In an environment of low growth and fiscal belt-tightening, it was something to try to set the early year agenda with.
Then by the end of March she was dangling the threat of supermarket de-mergers should a third player not get into the mix, which the Government was going to bend over backwards to encourage.
That threat remains on the table ‒ but probably in name only ‒ in the form of a cost benefit analysis on various structural options being undertaken by officials.
The changes all look pretty sensible as far as they go: making it easier for new competitors to come into the market, making it easier for overseas operators to get approvals via the fast track and so on. It’s called the express lane.
All pretty sensible, all probably should have been done years ago. That said, Labour did do a bunch of work on supermarkets ‒ it just didn’t fundamentally achieve what they, agitators for reform and the Government all think is required: a third player.
The divergence is over whether that outcome should be delivered by Government, whatever it takes.
And at the start of the year Willis had appetite for this, essentially arguing that poor regulatory decisions had allowed far more market concentration than should exist.
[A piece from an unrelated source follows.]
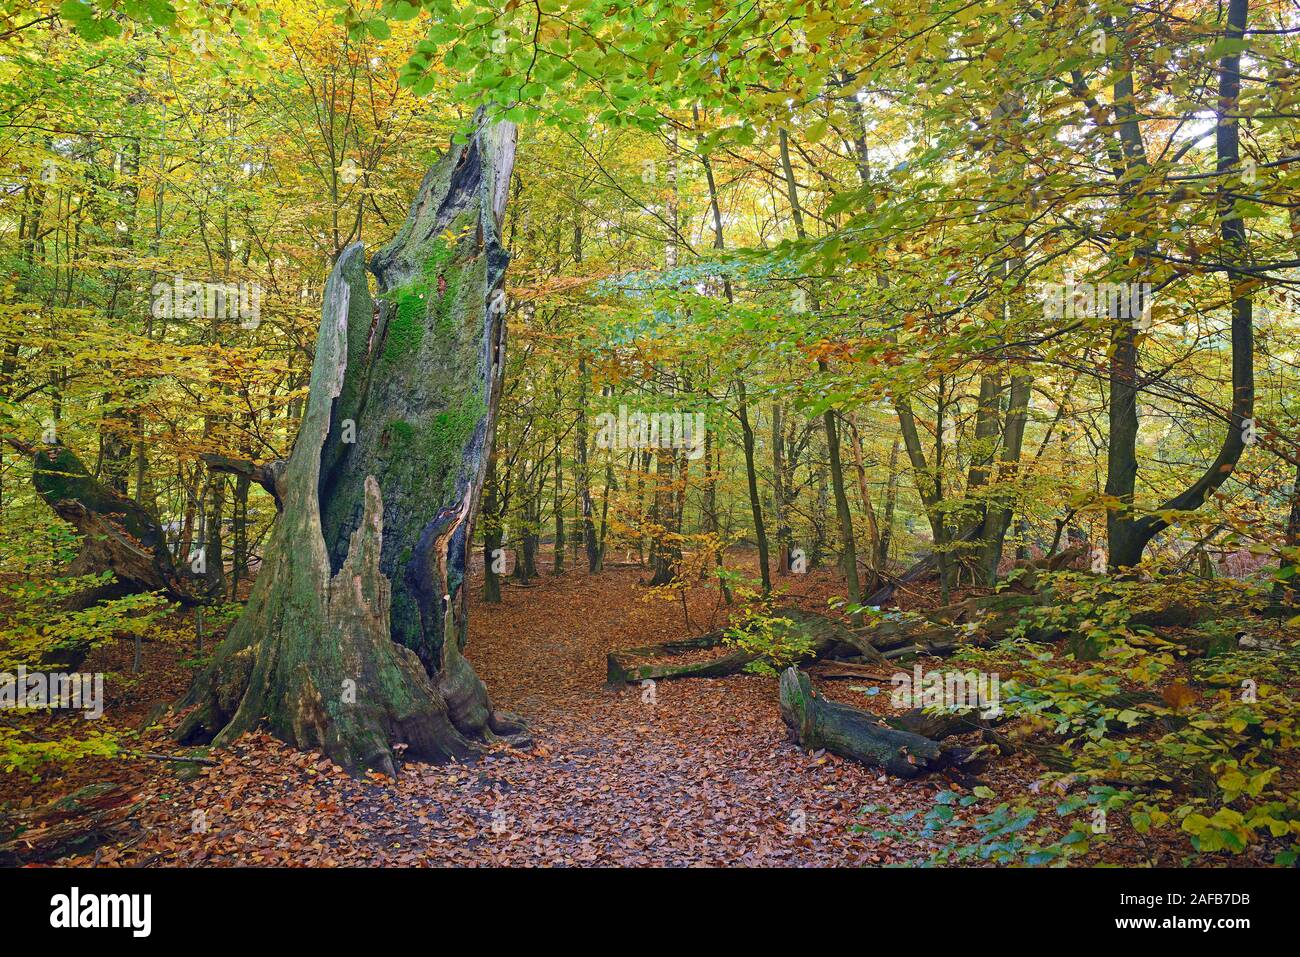 Ca. 800 Jahre alte Eiche (Fagus) im Herbst, Urwald Sababurg Naturschutzgebiet, Hesse, Germany, Europe Banque D'Images

In fact, she still seems to at some level.
But there are really only two things that would guarantee a third competitor: the Government underwriting a new player or the Government somehow breaking up the current players, Woolworths and Foodstuffs. The former would take a big amount of risk and moral hazard onto the Government’s books and the latter would be a nuclear option that smashes property rights and raises the spectre of sovereign risk.
Then there is the third option, which doesn’t guarantee anything but clears any government obstacles and leaves it to the market. That is more or less what Willis has done.
The fact is that this is the policy you do when you your own party is a bit nervous and your coalition partners are simply not on board with radical changes.
ACT has made it very clear to Willis that she doesn’t have the numbers for anything beyond levelling the playing field and making investment easier.
Willis has signalled that this is the first of a number of announcements she expects to make on the issue.
But the sharp political questions are now around whether having ramped the issue up and then doing a bunch of things the public doesn’t really understand just makes the Government looks weak.
And related to that is whether supermarkets reform is really the thing to spend political capital on. Any benefit of radical change will take a long time to be felt, assuming that a third player resulted in lower prices through competition.
You never say never, but there will almost certainly be no radical supermarket overhaul under the current Government.
None of this stuff is easy, but the changes made reflect the political reality of coalition numbers and property rights rather than the probable, but still theoretical, competition benefits of a third supermarket player.